Serotonin has been closely associated with the regulation of mood, memory, and sleep, among many other neurological functions. People who suffer from anxiety disorders, bipolar disorder, depression, or post-traumatic stress often have noticeably lower levels of available serotonin at any given time in their brains. SSRI drugs temporarily block serotonin receptor sites in the brain, meaning that the chemical can stay activated for longer than usual. In addition, SSRIs promote the release of new serotonin, which increases the overall available quantity in the brain. The result is a calming sensation that reduces the chances of sudden mood swings and behavioral changes.

Paroxetine is available in several different dosages, and a doctor can determine the right amount to prescribe based on the patient's specific disorder and age. Most adults who use the drug to manage depression and anxiety are instructed to take one 10- to 50-milligram capsule daily. Doctors usually prescribe low initial doses to make sure adverse reactions do not occur, and then gradually increase the dose to find an optimal level. To avoid overdose, more than 60 milligrams are only rarely indicated for daily use.

While paroxetine is safer than many other SSRI medications, there is still a significant risk of side effects. Patients may experience feelings of nausea, drowsiness, dizziness, and dry mouth. Some people have trouble sleeping, decreased sex drives, and weight loss with ongoing use. Less commonly, paroxetine can cause tremors, anemia, hallucinations, and shallow breathing. Paroxetine may also interact negatively with other antipsychotic drugs and some heart medicines, so it is important to inform a doctor of current medication use before starting a new prescription.

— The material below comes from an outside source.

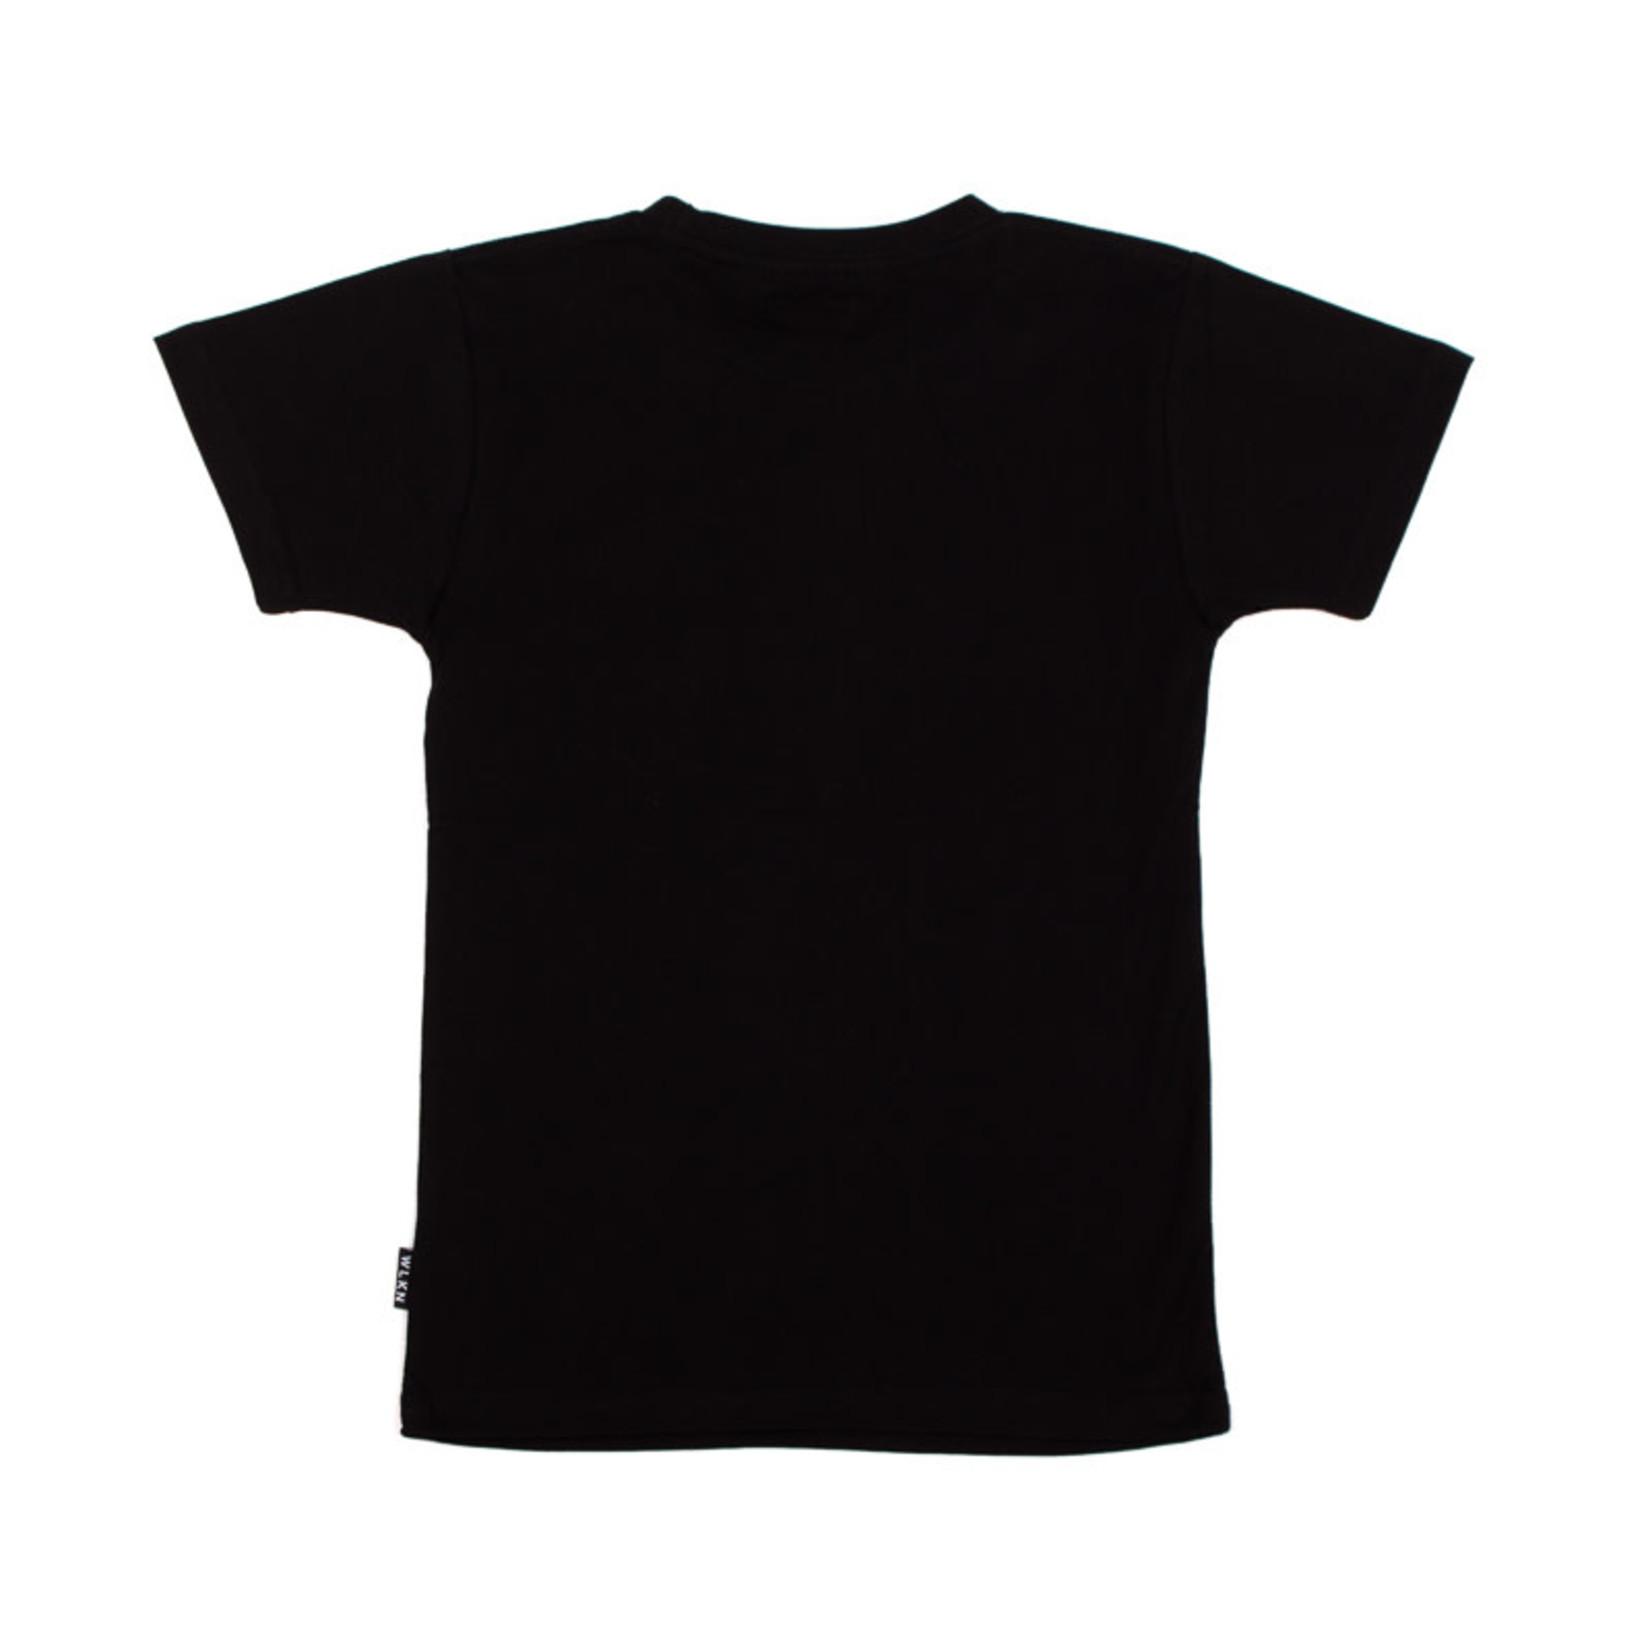 WLKN WLKN : Junior Colored Goal T-Shirt

Overdosing on an SSRI can be devastating. Breathing can become shallow enough to cause fainting, coma, or even death. The risk of permanent damage to major organs, including the brain, lungs, heart, and kidneys, are very high in the event of an overdose. Doctors strongly caution their patients to take the drug exactly how it is prescribed and to avoid sharing it with anyone else to prevent serious complications.